Assigning to a BIGINT variable (all times in milliseconds):
| Number of Rows | CPU time CreateIntegersTable | Elapsed time CreateIntegersTable | CPU time ufn_Tally2 | Elapsed time ufn_Tally2 |
| 1 | 0 | 2 | 0 | 0 |
| 10 | 0 | 1 | 0 | 0 |
| 100 | 16 | 7 | 0 | 0 |
| 1000 | 46 | 55 | 0 | 0 |
| 10000 | 485 | 512 | 16 | 5 |
| 100000 | 3375 | 3481 | 47 | 53 |
| 1000000 | 27890 | 28015 | 531 | 528 |
| 10000000 | 280954 | 281670 | 5281 | 5290 |
Inserting into temporary table (all times in milliseconds):
| Number of Rows | CPU time CreateIntegersTable | Elapsed time CreateIntegersTable | CPU time ufn_Tally2 | Elapsed time ufn_Tally2 |
| 1 | 0 | 2 | 0 | 0 |
| 10 | 0 | 2 | 0 | 0 |
| 100 | 16 | 7 | 0 | 1 |
| 1000 | 62 | 64 | 16 | 11 |
| 10000 | 578 | 592 | 94 | 98 |
| 100000 | 4297 | 4347 | 968 | 970 |
| 1000000 | 36453 | 36775 | 9719 | 9739 |
| 10000000 | 365422 | 366977 | 97063 | 97822 |
Assigning to a BIGINT variable (all times in milliseconds):
| Number of Rows | CPU time CreateIntegersTable | Elapsed time CreateIntegersTable | CPU time ufn_Tally2 | Elapsed time ufn_Tally2 |
| 6 | 0 | 2 | 0 | 0 |
| 60 | 15 | 5 | 0 | 0 |
| 600 | 32 | 35 | 0 | 0 |
| 6000 | 265 | 313 | 0 | 3 |
| 60000 | 2297 | 2417 | 47 | 33 |
| 600000 | 17344 | 17448 | 312 | 315 |
| 6000000 | 167047 | 169385 | 3157 | 3167 |
| 60000000 | 1660937 | 2187247 | 31656 | 31673 |
Inserting into temporary table (all times in milliseconds):
| Number of Rows | CPU time CreateIntegersTable | Elapsed time CreateIntegersTable | CPU time ufn_Tally2 | Elapsed time ufn_Tally2 |
| 6 | 0 | 3 | 0 | 0 |
| 60 | 16 | 5 | 0 | 6 |
| 600 | 31 | 40 | 0 | 59 |
| 6000 | 359 | 365 | 62 | 59 |
| 60000 | 2828 | 2880 | 625 | 9618 |
| 600000 | 22297 | 22414 | 5844 | 5888 |
| 6000000 | 218938 | 220094 | 58297 | 58517 |
| 60000000 | 2177328 | 2186190 | 583250 | 586134 |
Conclusion
Comparing the results of the tests you will notice that the two routines are comparable for small results sets.
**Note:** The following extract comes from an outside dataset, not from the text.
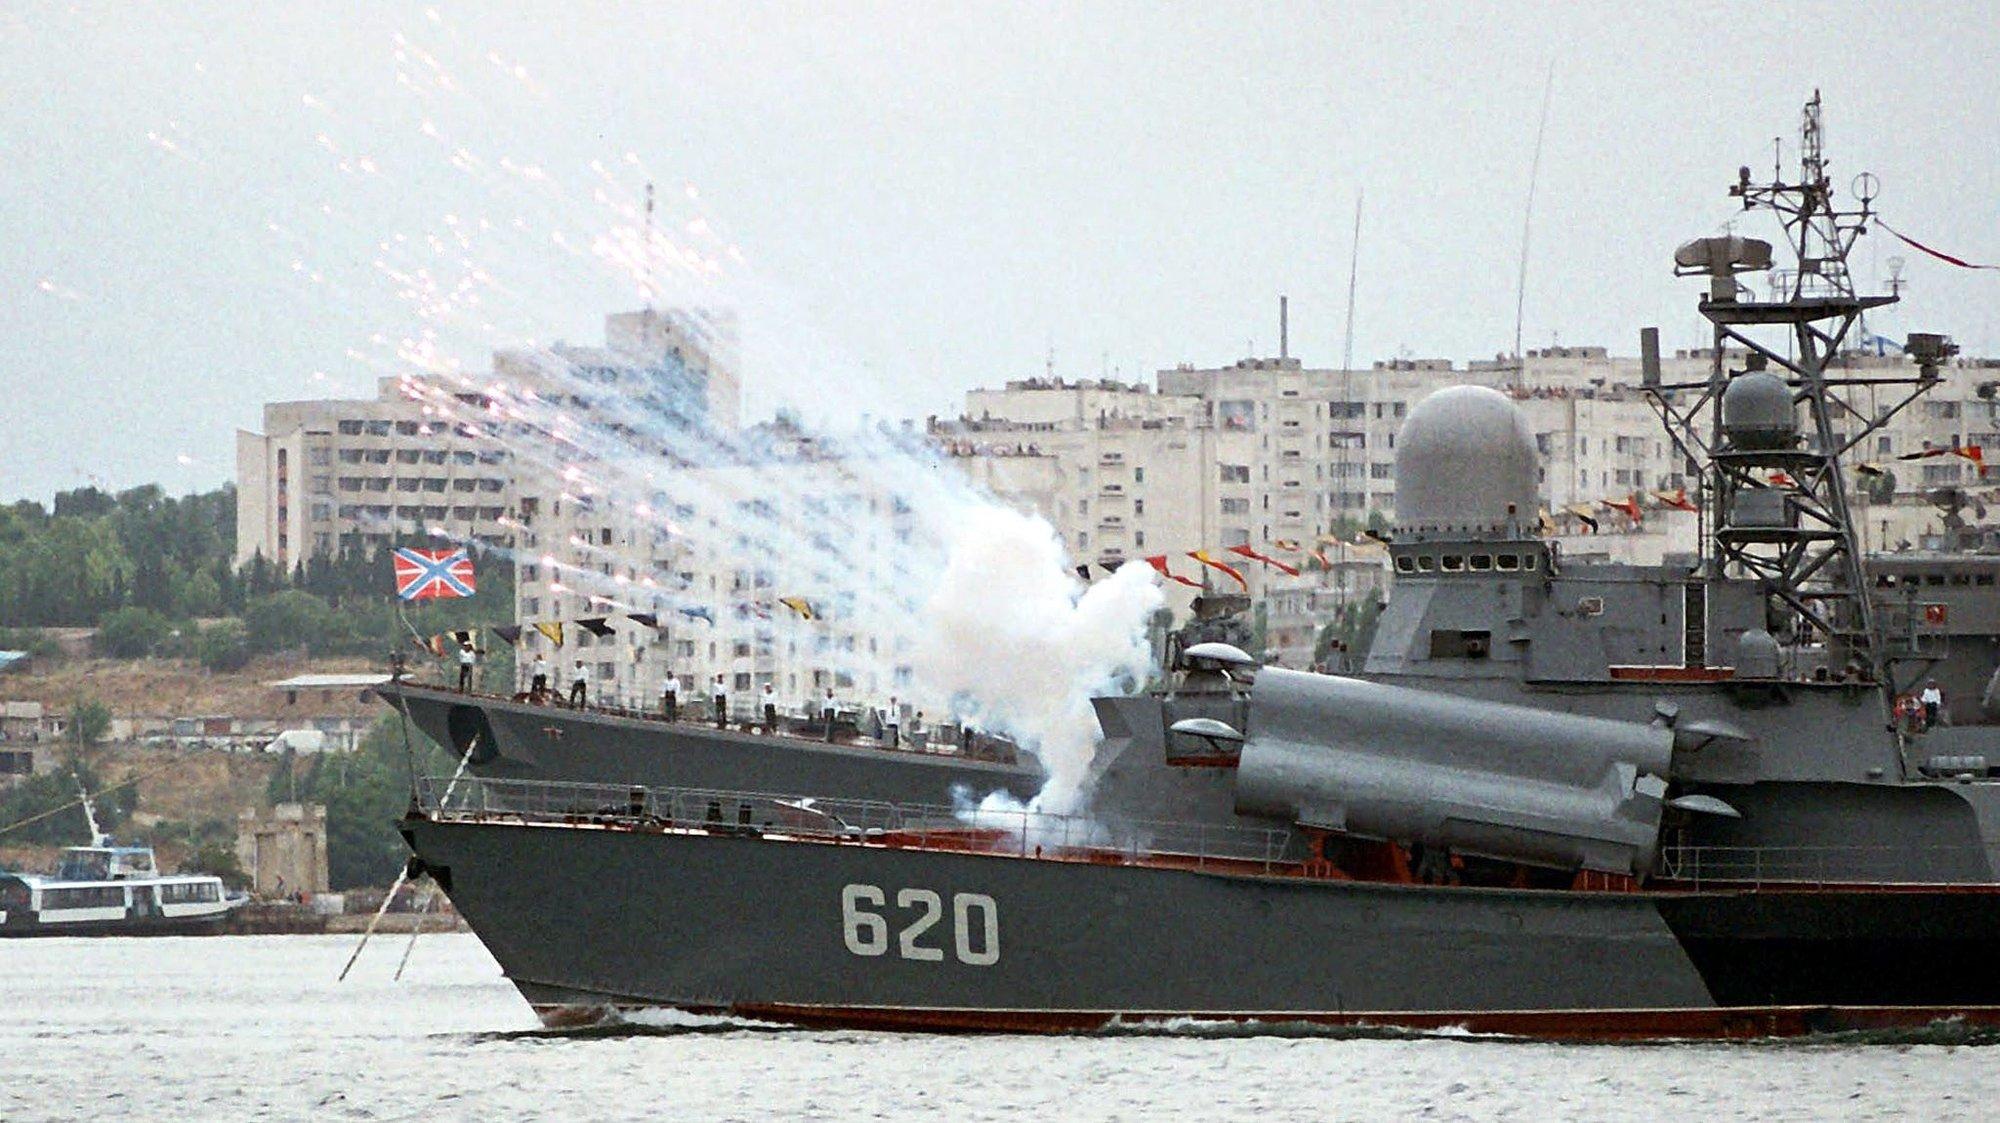 epa000239062 A battleship ship fires a salute during celebration of Russian Navy day at Sebastopol, Ukraine, Sunday 25 July 2004. Russian Navy use Ukrainian city Sebastopol as base on the Black Sea.  EPA/SERGEY SVETLITSKIY

Beginning at about one thousands rows, however, significant differences appear. At the upper range of the test, the difference is significant. Based on these simple tests it appears obvious that the routine using the recursive CTE and while loop is not one that should be used in a production environment.